I’m going to have to touch her, I know that. There’s no way I’m going to be able to tattoo her skin without placing my hands on her. Even though I wear gloves, I’ll still be able to feel her body heat through my fingertips, and I feel myself responding to the thought alone. Fucking hell, I can’t get turned on simply by thinking about touching her ankle. That’s insane. We aren’t living in Victorian times. But just being near her takes me back to being a teenager again, how obsessed I’d been with her. No, not obsessed. I’d been in love with her. A crazy, perfect love that had stemmed from two people knowing each other as deeply as they knew themselves, and who had grown up together to discover all the things that teenagers eventually learned about themselves.

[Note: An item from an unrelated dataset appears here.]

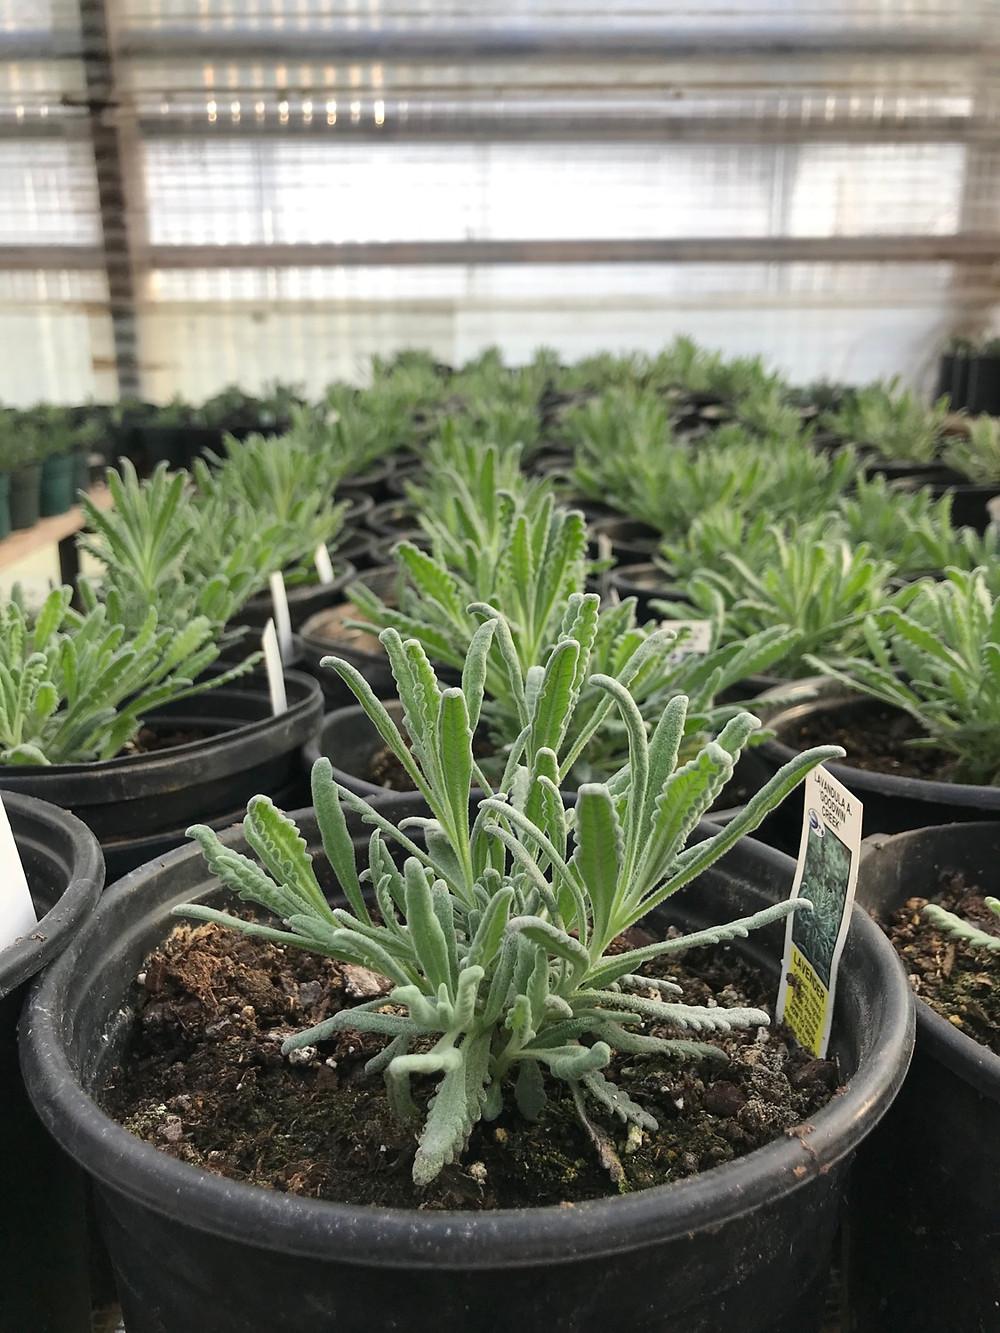 Goodwin Creek lavender.  Does great in pots!
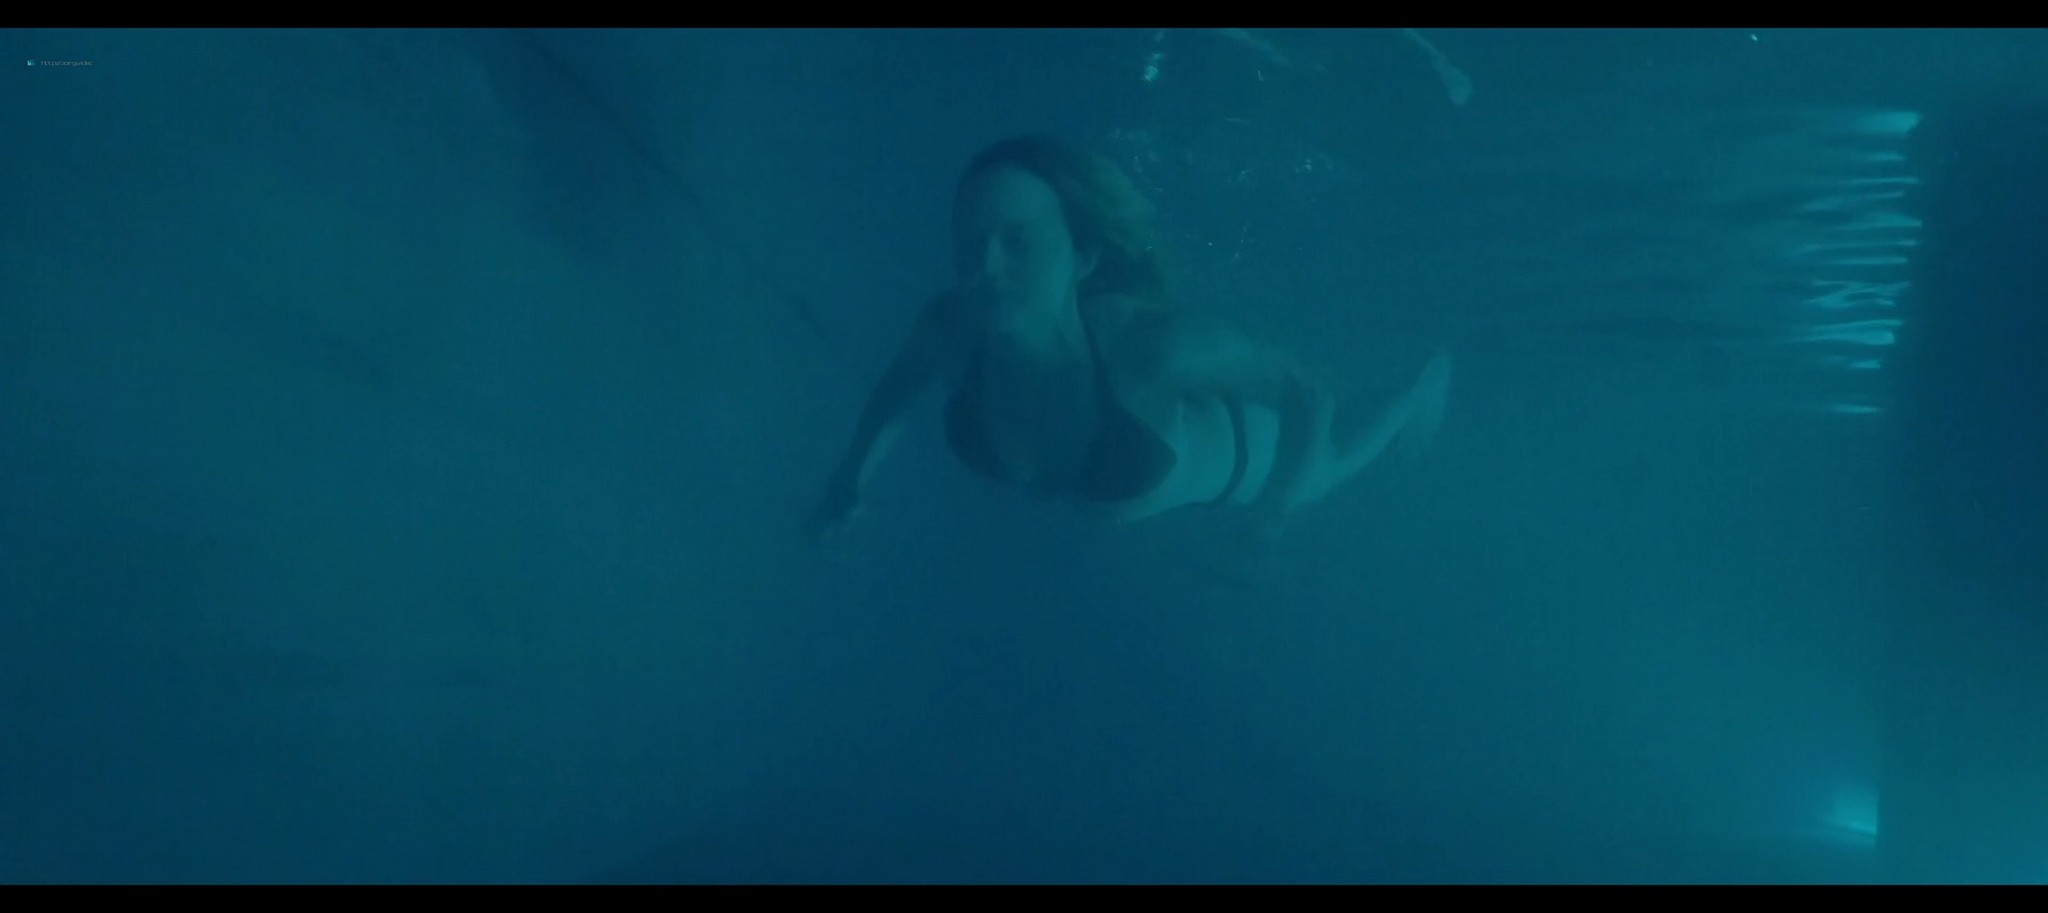 Heather Graham sexy Sophie Nelisse Jodi Balfour hot The Rest of Us 2019 1080p WEB 11

We’d been each other’s first kiss at age eleven, both awkward and shy, telling each other that we were friends so this was the best way of getting it out of the way. That had been it for a longtime, but then we’d hit fourteen and a new kind of tension had sprung up between us. All it had taken was some stolen alcohol and a night sitting in a park, and that first kiss had become the first of too many to count. And how we’d kissed. We’d been able to kiss for hours without stopping for air, leaving us hot and panting, and me with an erection that sprung to attention at even the thought of Sophia.
And here I am now, ten years later, and it seems she still has exactly the same effect on me.
“Everything okay?” she asks.
I’ve just been standing here, staring at her ankle. Jesus. I need to get a grip on myself.
I clear my throat. “Yeah, just making sure I get the positioning right.”
She’s watching me, too—I can feel her gaze on my face, her pale-blue eyes exactly the same colour as I’ve always seen in my dreams.
“It’s strange, isn’t it?” she says, as though plucking the thoughts from my head. “Seeing each other like this again.”
I nod. “I’m not sure my brain has processed it. I feel like I’ve jumped back in time.”
“Like a wormhole opened up in the studio and we both dropped through it.”
I grin. “Exactly.”
“I missed you, you know,” she says softly. “I’m sorry I ghosted you, and that I didn’t come back.”
I turn my face to look at her. “Why didn’t you?”
“It was complicated. We were young.”
“I worried about you, for a really long time. And then I got angry.”
She glances away. “I can understand that. I’m sorry, Ri—Rocco.”
I note how she’d gone to call me my old name—the name I shared with my father and that I no longer use—but she’d stopped herself in time.
I shrug, trying to appear nonchalant. “It was a long time ago now.”
“Yes,” she agrees. “It was.”
It’s impossible for me to explain to her how much I’d hurt all those years ago. How abandoned I’d felt, how I’d tortured myself with the idea of her having found someone else, and that was why she’d ghosted me.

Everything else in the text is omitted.